GIVEN MATERIAL>
*** Block opens ***
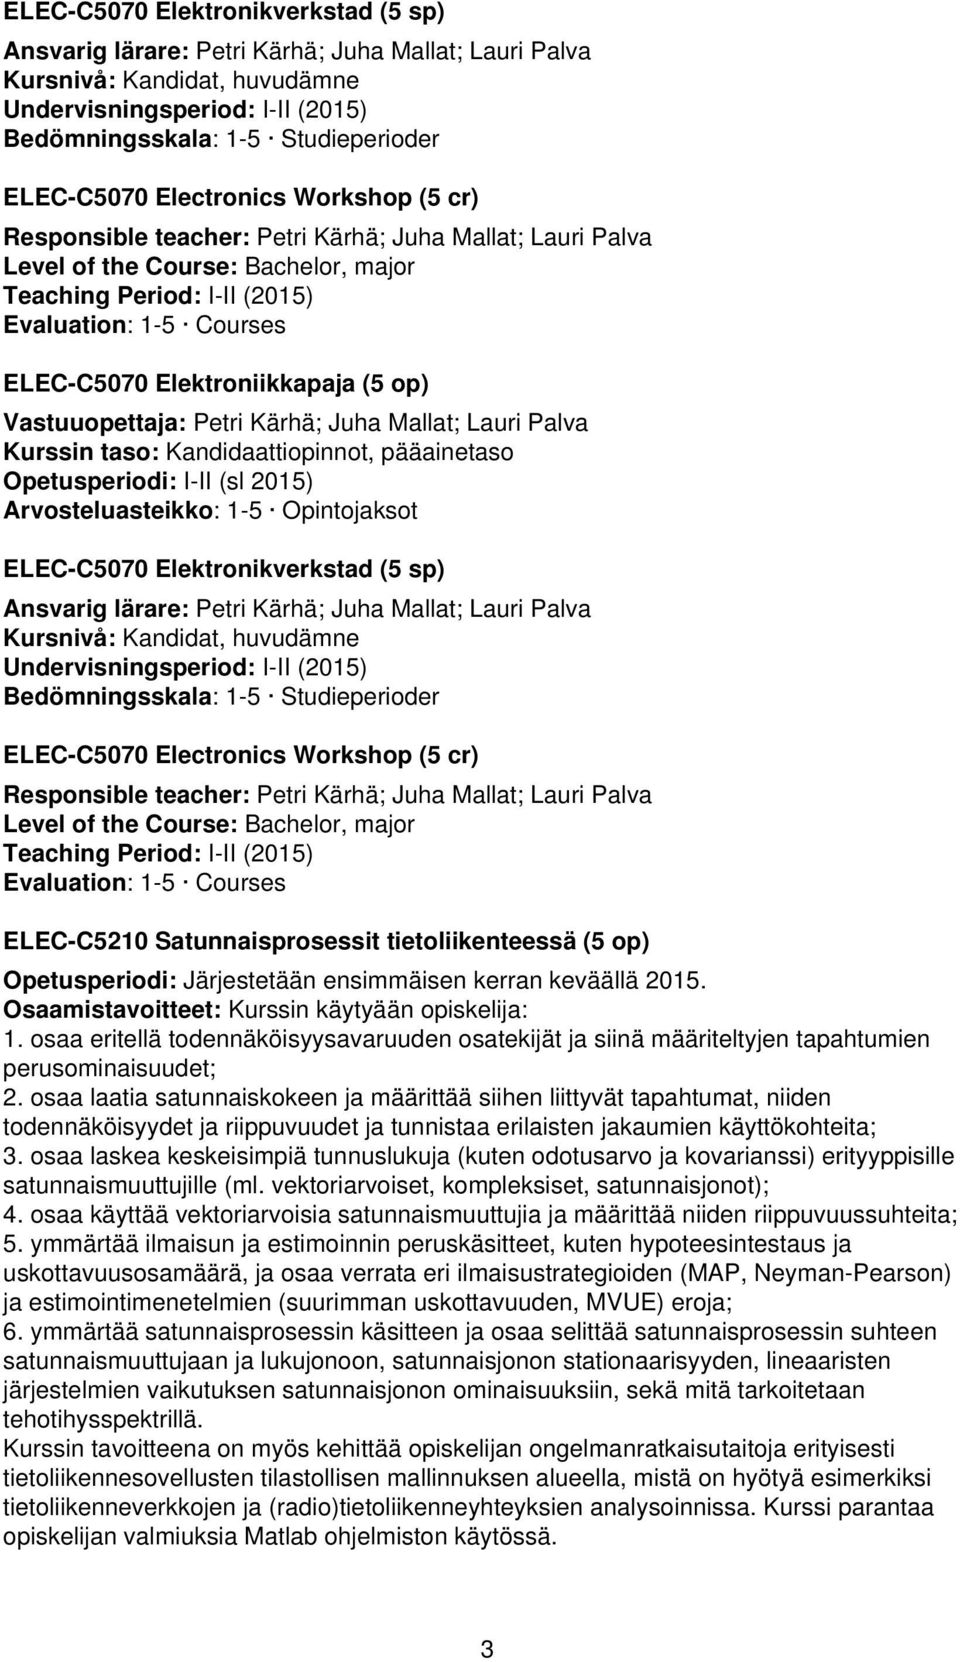 Elektroniikkapaja (5 op) Vastuuopettaja: Petri Kärhä; Juha Mallat; Lauri Palva Kurssin taso: Kandidaattiopinnot, pääainetaso Opetusperiodi: I-II (sl 2015) Arvosteluasteikko: 1-5 Opintojaksot 
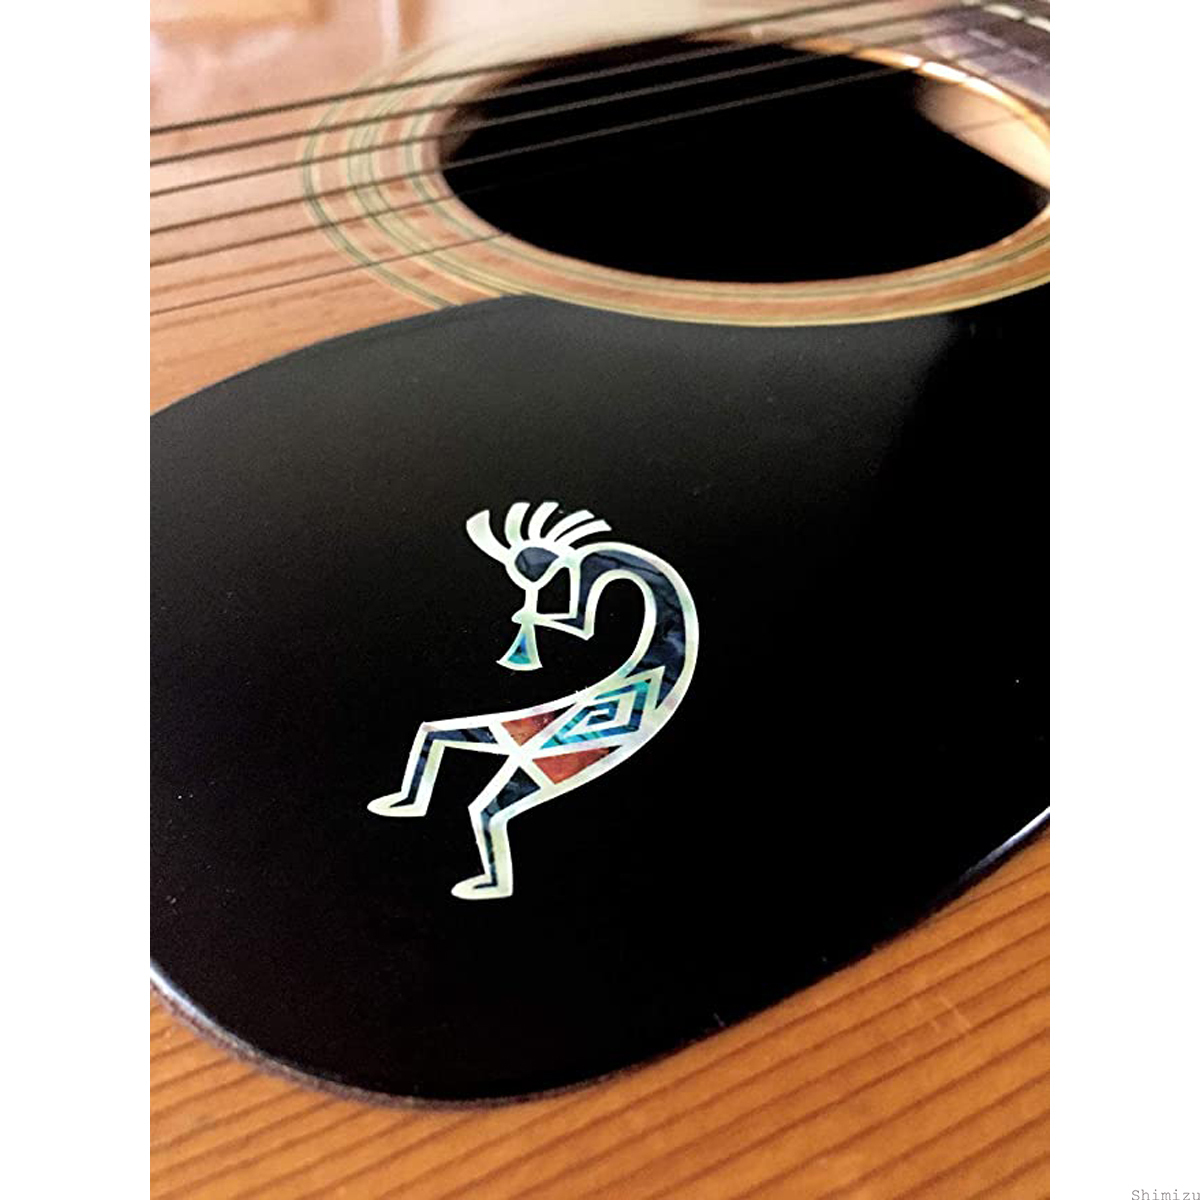 L&Rセット ウクレレ インレイシール インレイステッカー ギター アコギ エレアコ フォークギター かわいい 人気 贈り物 送料無料_画像3
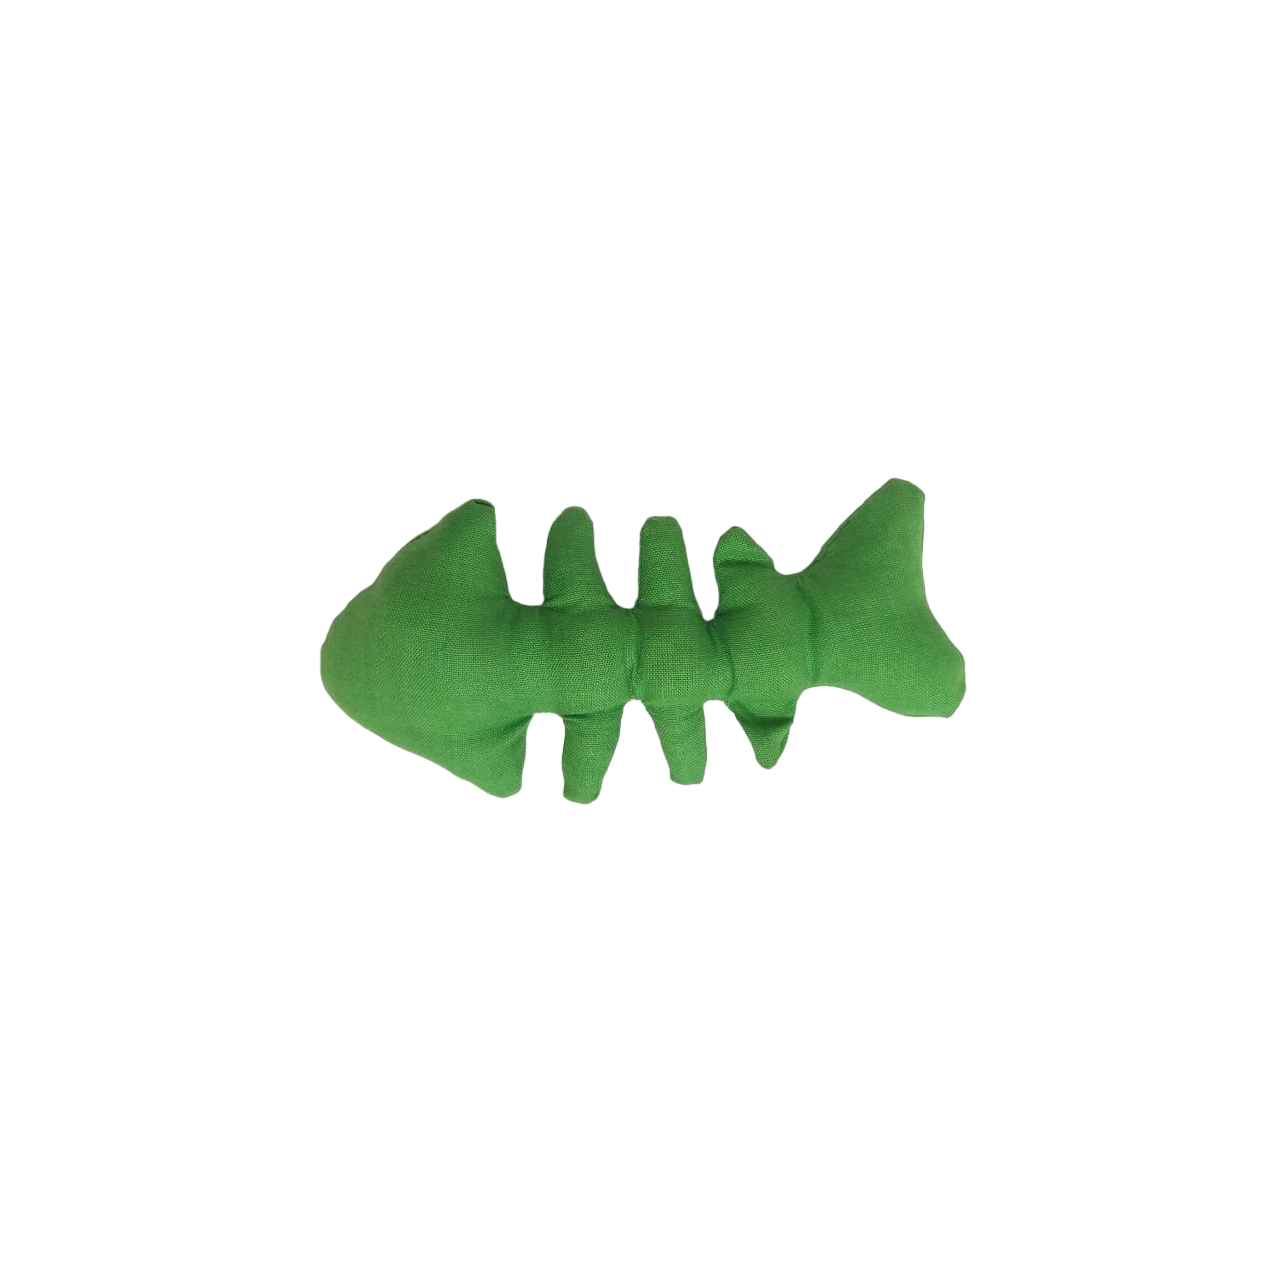 іграшка скелет риби зелений
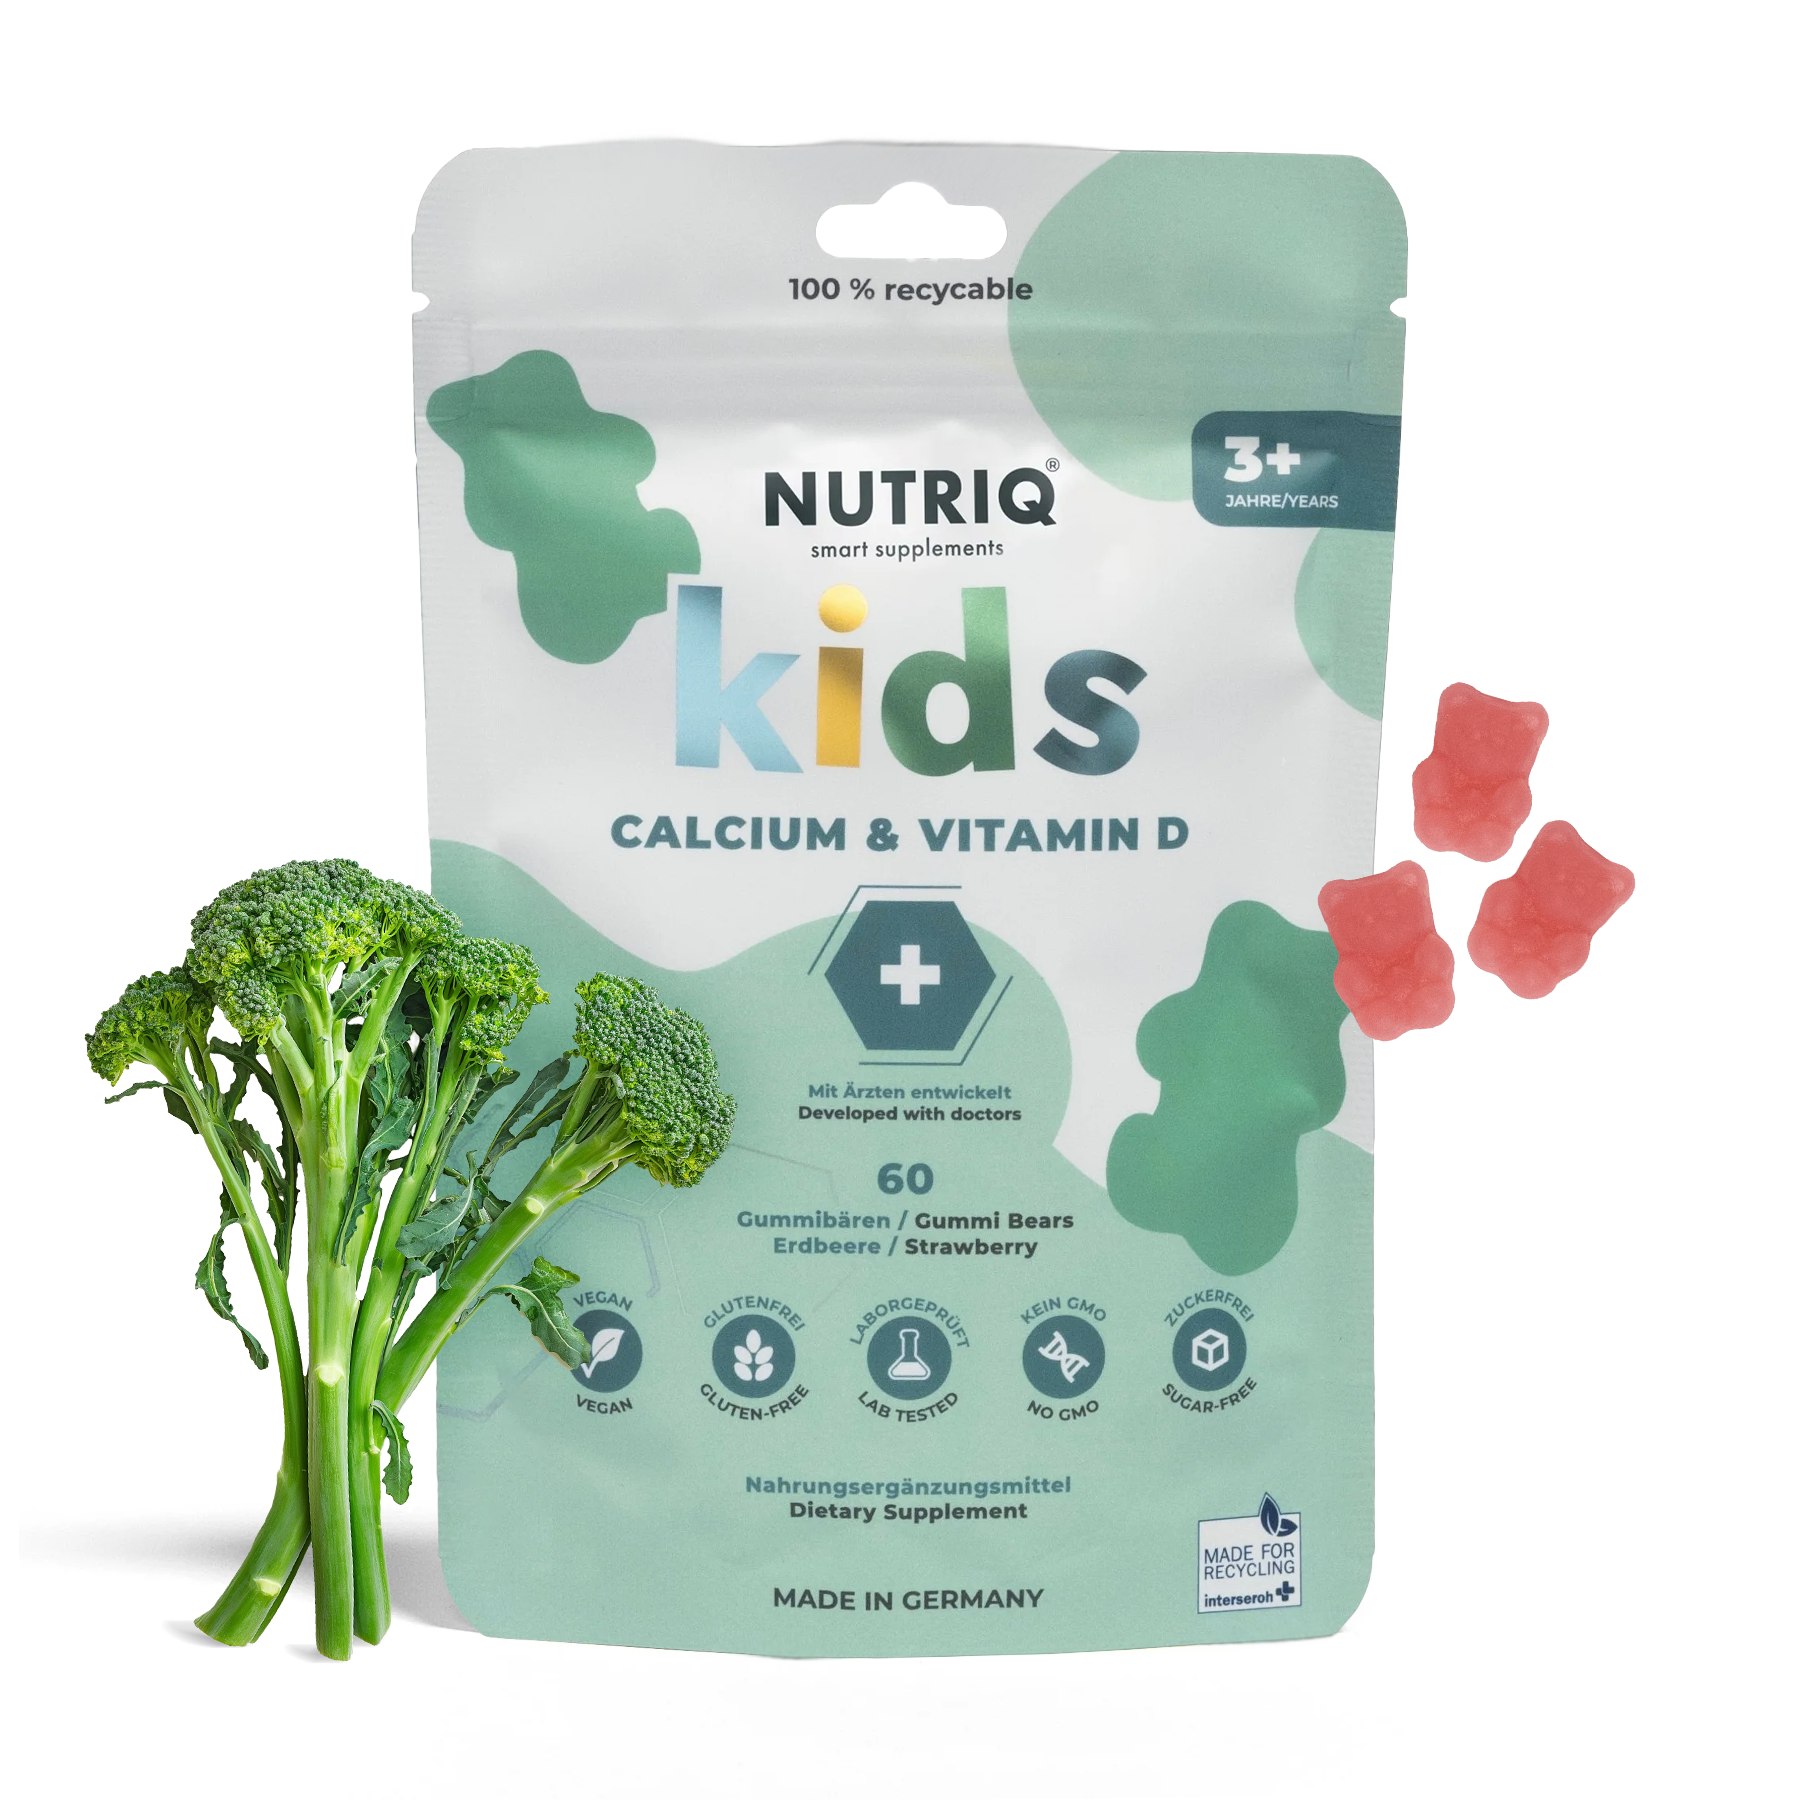 Kids Calcium & Vitamin D
*** Block closes ***
TASK DIRECTIONS> Each line from the one holding "L&Rセット ウクレレ インレイシール" through the final line of the data needs to be transcribed exactly. Include both ends, skip the pictures, and add nothing.

TASK RESPONSE>
 L&Rセット ウクレレ インレイシール インレイステッカー ギター アコギ エレアコ フォークギター かわいい 人気 贈り物 送料無料_画像3
 іграшка скелет риби зелений
 Kids Calcium & Vitamin D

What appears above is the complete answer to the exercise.